研究開発課題
【概要】
現在、形状設計で限界が来ている輸送機器・流体機器の更なる高効率化や低騒音化を目指して、これまでの「形状工夫による流体機器設計という概念」を越えた新しい「マイクロデバイスによる流体制御を前提とした流体機器設計の概念」を提案します。また提案する設計概念の有効性を、「京」を用いた数値シミュレーションによって実証することで新しい流体制御技術として確立し、その実用化に向けた道を示します。詳細についてはウェブサイトをご覧ください。
【具体的な成果目標】
(1)マイクロデバイスの作動原理の解明
流体制御の基礎となるマイクロデバイスの作動原理の解明を行います。平成24年度までに小型の流体機器の流体制御メカニズムを解明し知識基盤として整理してきました。今後は「京」を利用することで初めて可能になる、これまでより一回り大きなサイズ(ある種の流体機器では実物サイズ)での現象理解を行なっていきます。具体的には、下図は小型から大型の翼型まわりの流れ場の解析結果で大型の翼形では非常に小さな渦構造が見られていますが、今後解析を進め、このような流れ場に流体制御を適用した際の知見を知識基盤として整理していきます。
(2)知識基盤の構築
システムの信頼性やロバスト性など、実用化に向けた課題克服のためのパラメータサーベイを行います。様々な作動条件や設計パラメータに関する大規模な設計探査(ものづくり分野の課題4との連携)は数値シミュレーションだからこそ実現できるものです。ここで得られた知見を実設計の際に利用可能な知識基盤として整備をします。
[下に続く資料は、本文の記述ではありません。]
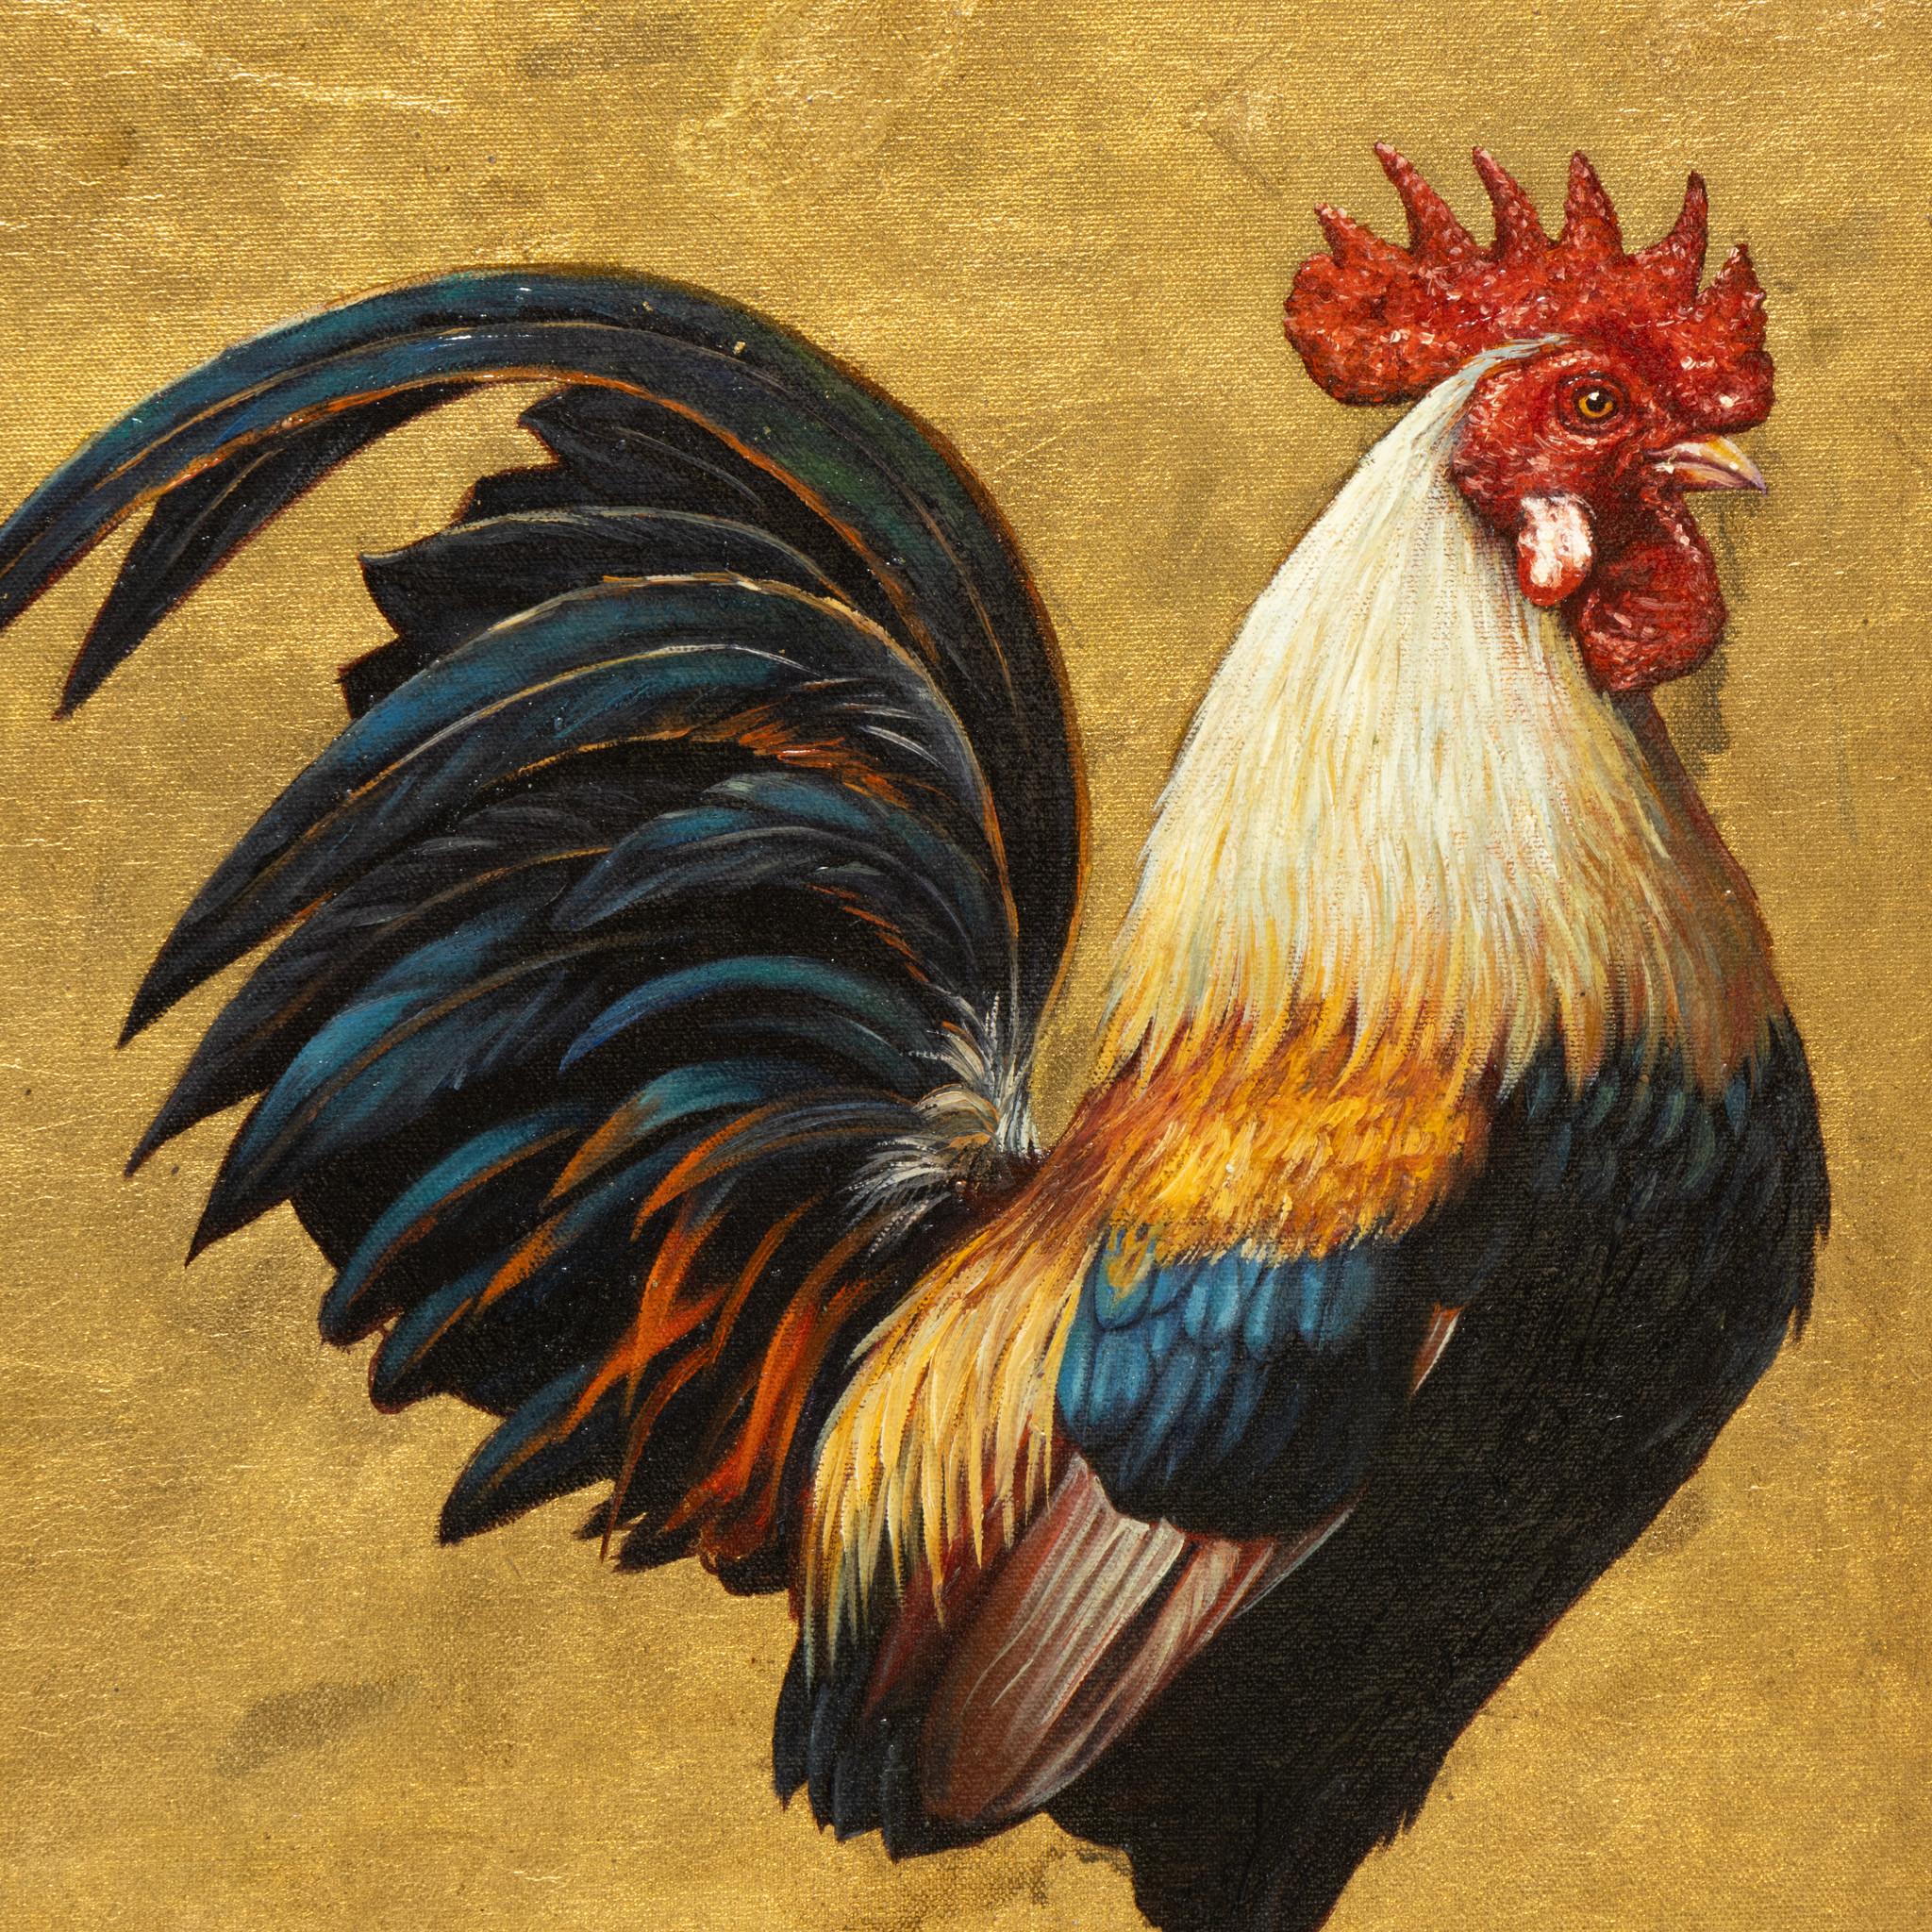 Original oil painting by E. Tapia. Piece portrays a colorful rooster against gold background on grass. Rooster features colors of blue, gold, red, cream, and green. A well done painting that would display nicely in a farmhouse or rustic home. Circa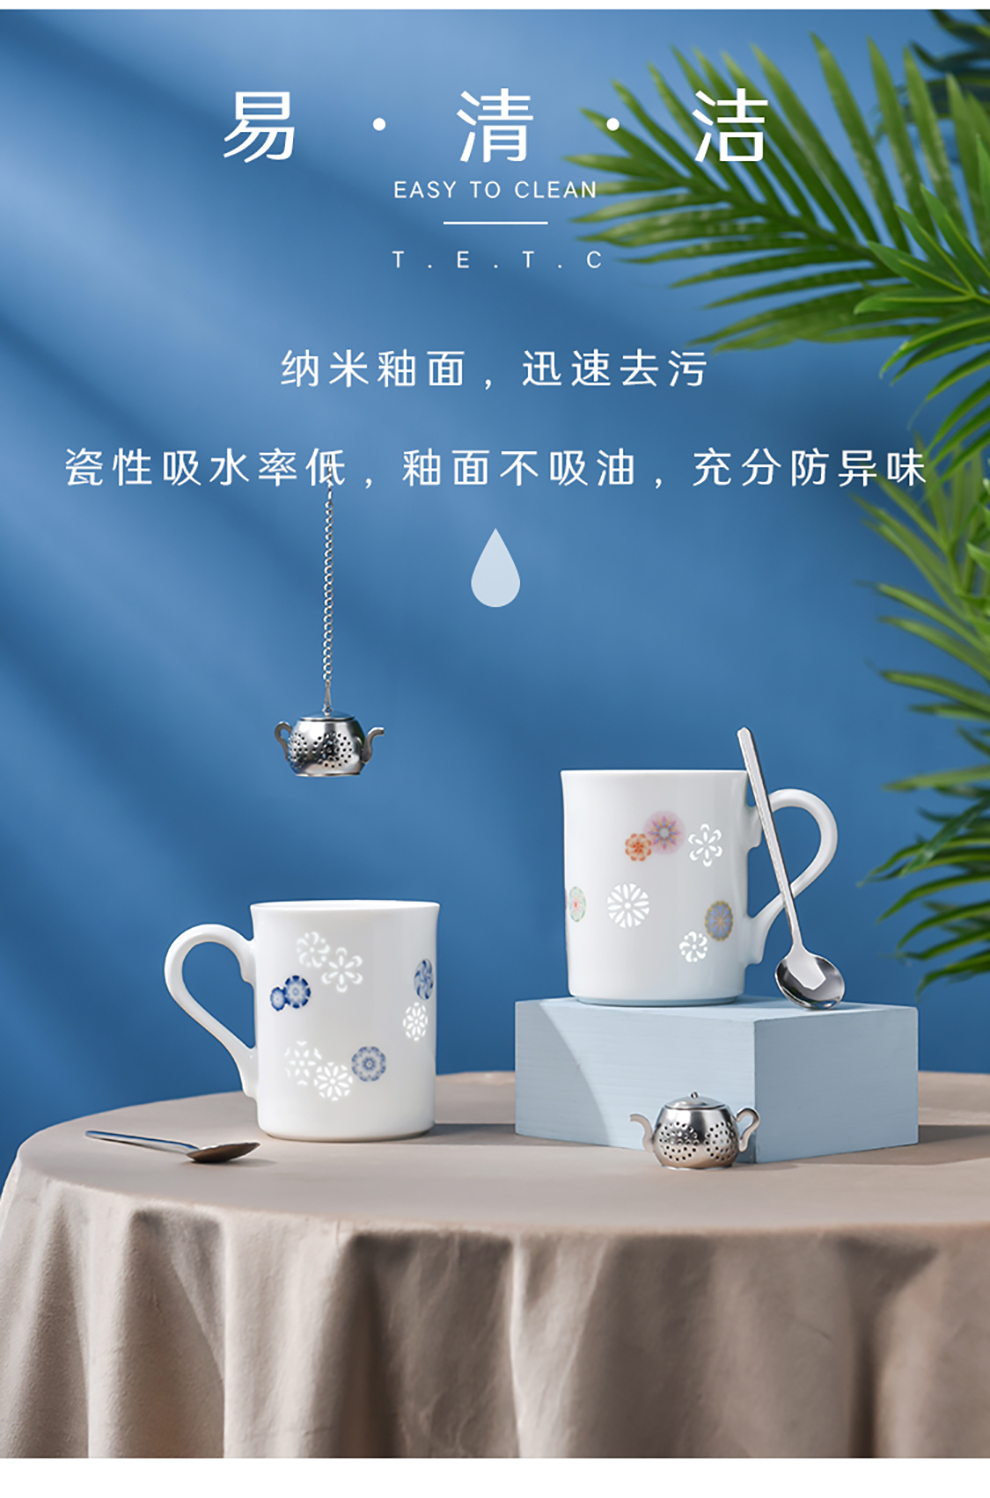 Jingdezhen ceramic porcelain enamel ball flower mugs household gifts creative office cup cup coffee cup

平成24年度までに「京」を使うことで初めて可能になる160を超える大規模LES解析(下図)を行なっており、設計に有用な知見が整理され始めています。
(3)提案概念の有効性の実証
産業界での実利用に向けて、実際の機器を対象としたフィードバック制御を組み込んだ流体制御シミュレータを構築し、「京」で実行することで流体制御システムとしての有効性を実証します。
【スーパーコンピュータ「京」で利用したソフトウェア】
ソフトウェア名:LANS3D
サイズの異なる流れ(上図:左から右へ大きな機器)と大きな機器での制御(下図:左非制御時,右制御時)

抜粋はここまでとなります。